Бабушка тоже сомневалась, кто из них кто. Ее совсем перемкнуло, и что-то темное, тревожное, похожее на совесть, шевелилось в ее душе, распирало грудь изнутри. Зато относительно того, за кого болеть, сомнений у нее не было. Тетя Валя счастливо смеялась, широко раскрыв беззубый рот, и кидала в воздух застиранный чепец. Хрюша со Степашкой по обыкновению дрались, а Филя пел про шарики, ролики и родителей-алкоголиков.

После удара Коли мяч долго искали в высокой траве. Когда нашли, матрос Гриценко выбил его куда подальше. Мяч поскакал немножко по траве и остановился. Боцман, стоявший в противоположных воротах, направил мяч обратно, но допнуть до Гриценки его не смог, а смог только до середины поля.

А там уж капитан и принципиальный шофер Николай, стремясь побыстрее овладеть этим круглым предметом, столкнулись друг с другом головами.

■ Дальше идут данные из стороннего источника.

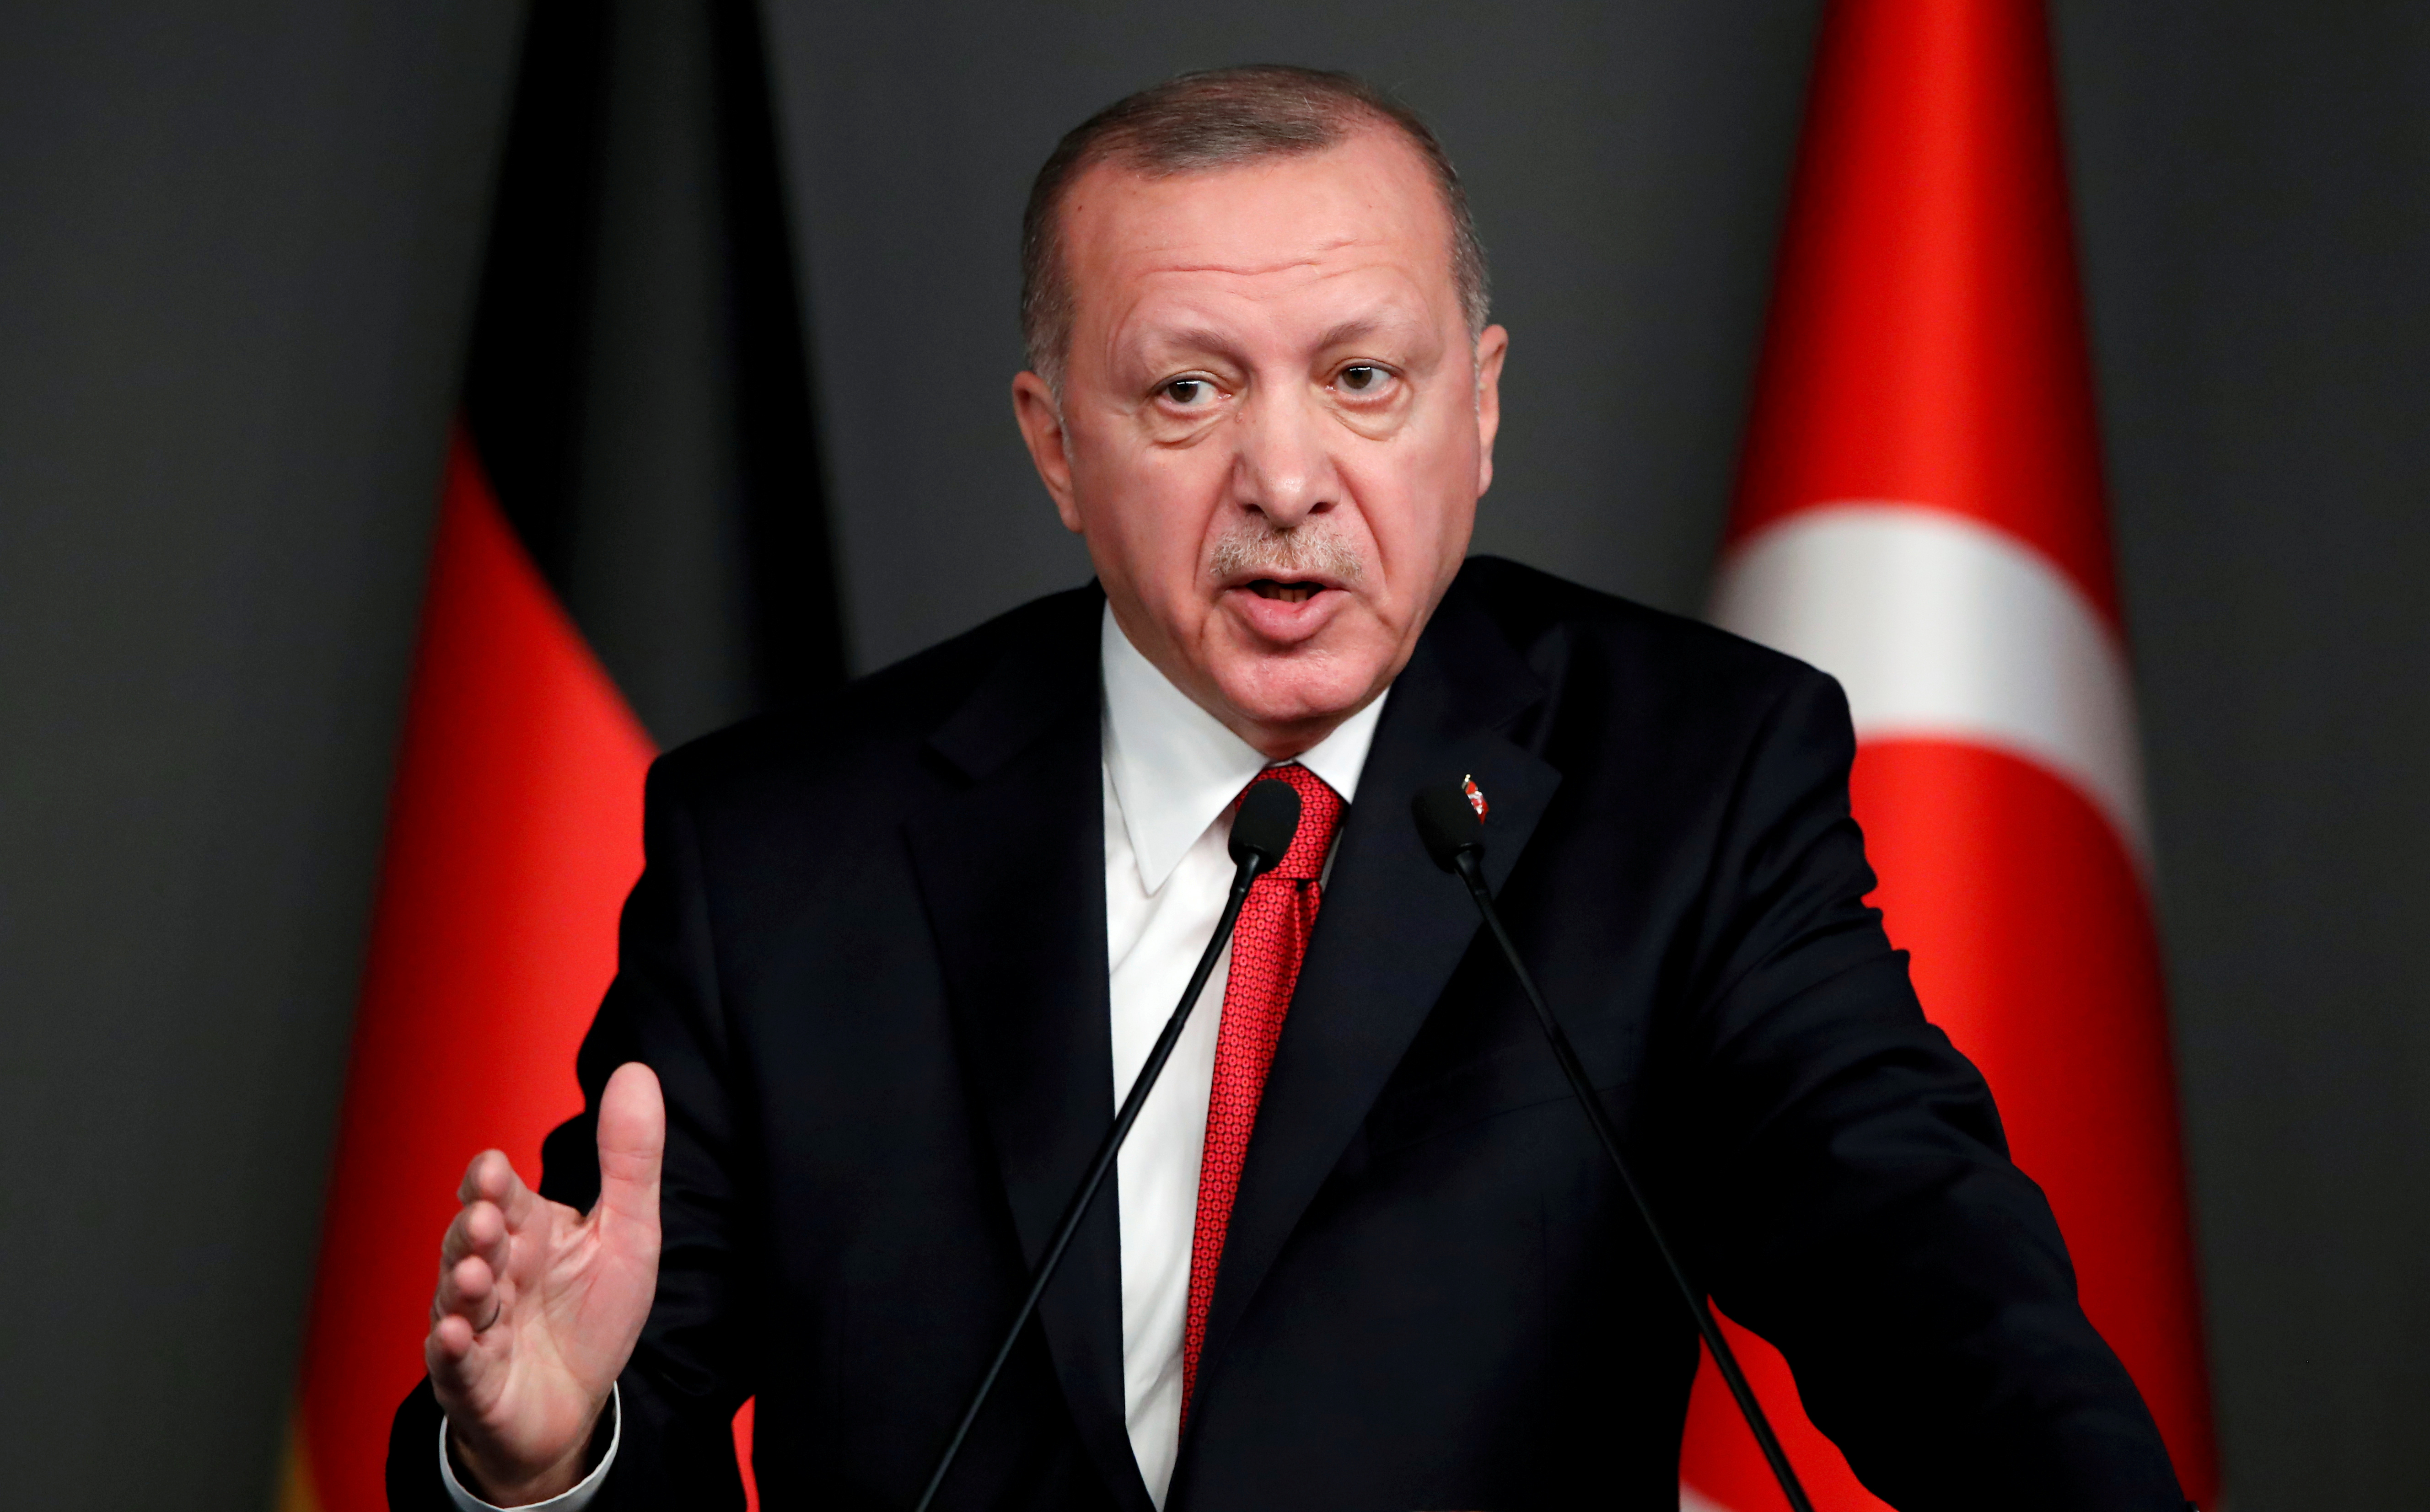 ¿Pidiendo cacao? Erdogan dice estar abierto a hablar con Grecia sobre tensiones marítimas

Своевременно подоспевший арбитр с ужасным грохотом выстрелил в воздух сначала желтой ракетой, а потом красной. Алеше сначала показалось, что так громко трещат лбы у капитана и шофера и летят у них из глаз желтые и красные искры. Капитану, потомственному офицеру, все-таки пришлось покинуть поле. От расстройства он даже заплакал, но тихонько, так, чтоб никто не видел, потом, в своей каюте.

– Зачем вы меня удаляете? Вы убиваете меня! – сказал он на прощанье дрожащим голосом. Так много значила для него эта игра.

Но арбитр опять ничего не сказал ему в ответ.

Игра тем временем продолжалась. Алешина команда и так-то была в меньшинстве из-за глупого штурмана, а еще и потеряла ценного нападающего. А тут еще команда противника выпустила вперед маленького радиста, падавшего при любом столкновении на землю. Желтые ракеты взлетали над полем одна за другой, но здорово стоял в воротах рядовой Гриценко, бравший любые пенальти.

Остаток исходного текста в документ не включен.